- **Problem requirements**
Give back all of the data exactly as it stands, with the pictures removed.

- **Given data**
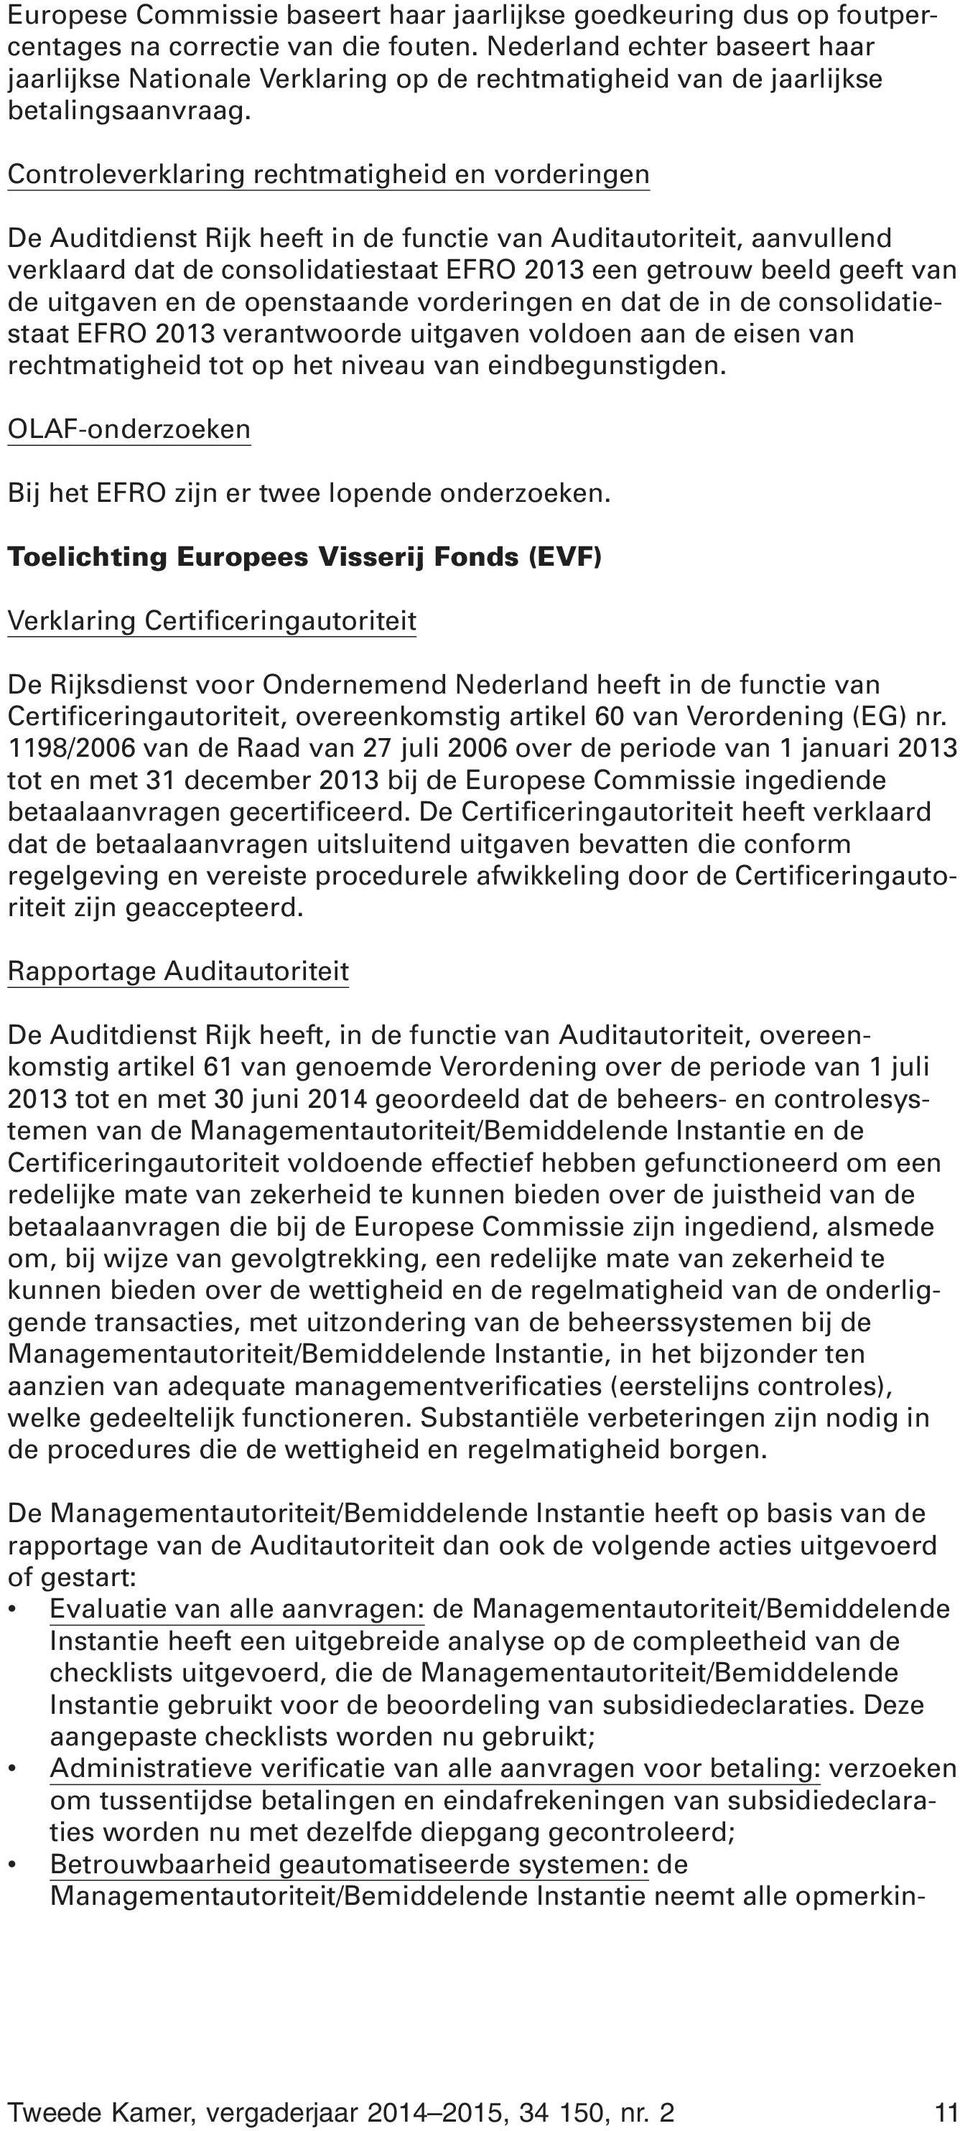 Controleverklaring rechtmatigheid en vorderingen De Auditdienst Rijk heeft in de functie van Auditautoriteit, aanvullend verklaard dat de consolidatiestaat EFRO 2013 een getrouw beeld geeft van de
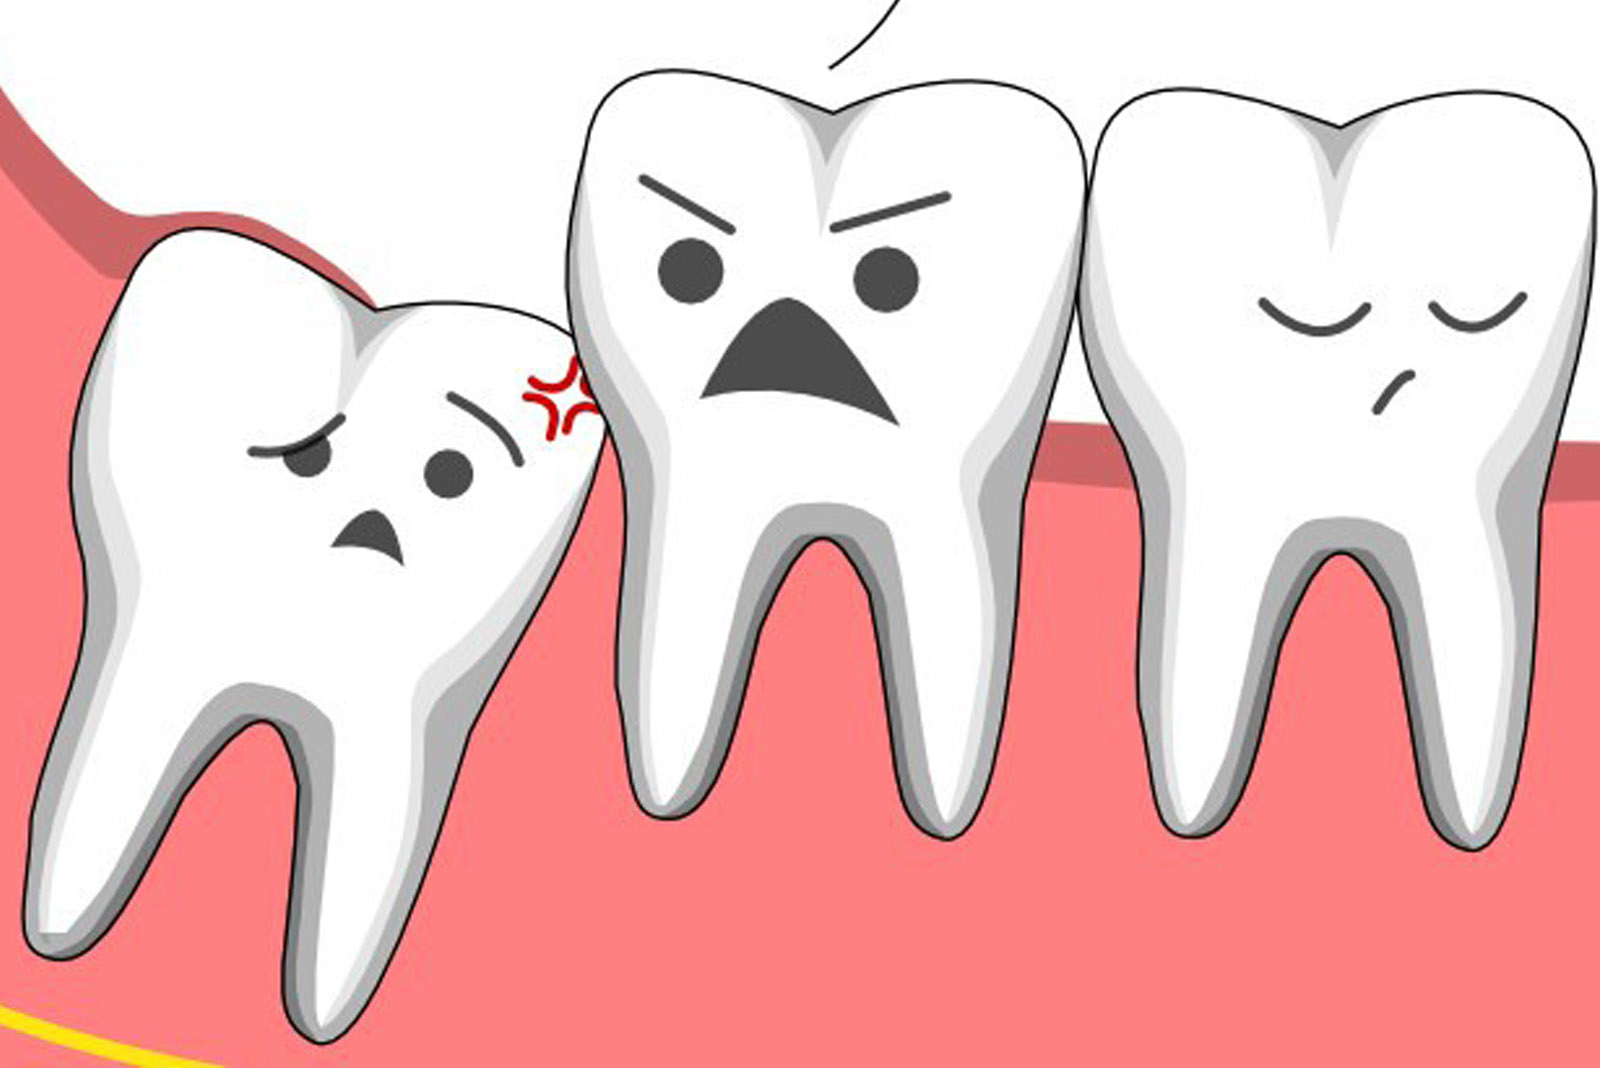 Tất tần tật mọi lưu ý khi nhổ răng khôn – Trước khi gặp bác sĩ bạn nhất định phải biết, tránh hiểm hoạ khôn lường - Ảnh 2.
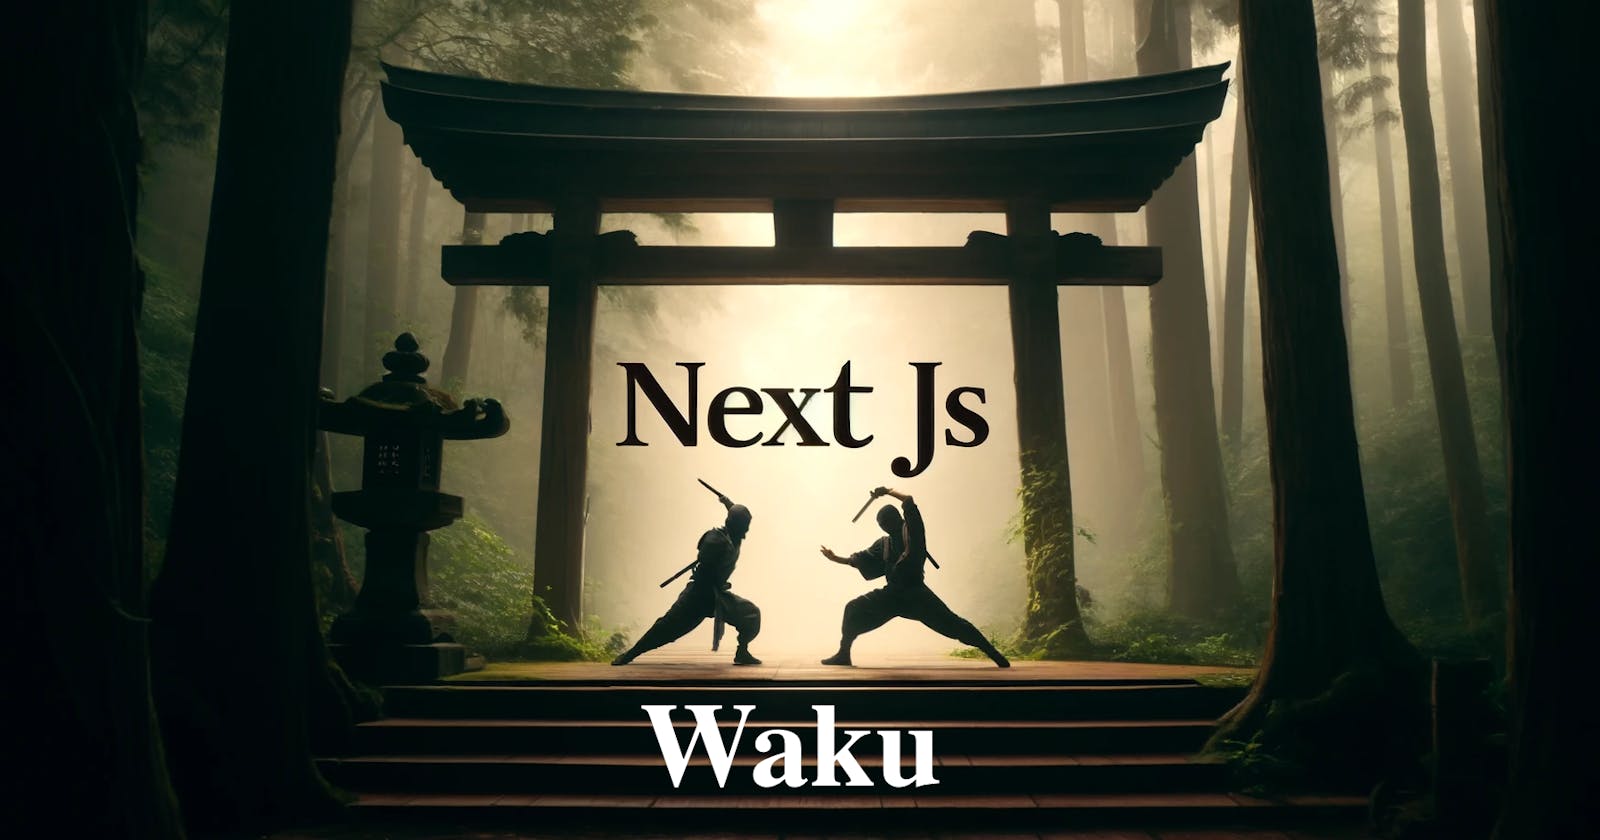 Is Waku the new NextJS?

- **Result for this task**
 Controleverklaring rechtmatigheid en vorderingen De Auditdienst Rijk heeft in de functie van Auditautoriteit, aanvullend verklaard dat de consolidatiestaat EFRO 2013 een getrouw beeld geeft van de
 Tất tần tật mọi lưu ý khi nhổ răng khôn – Trước khi gặp bác sĩ bạn nhất định phải biết, tránh hiểm hoạ khôn lường - Ảnh 2.
 Is Waku the new NextJS?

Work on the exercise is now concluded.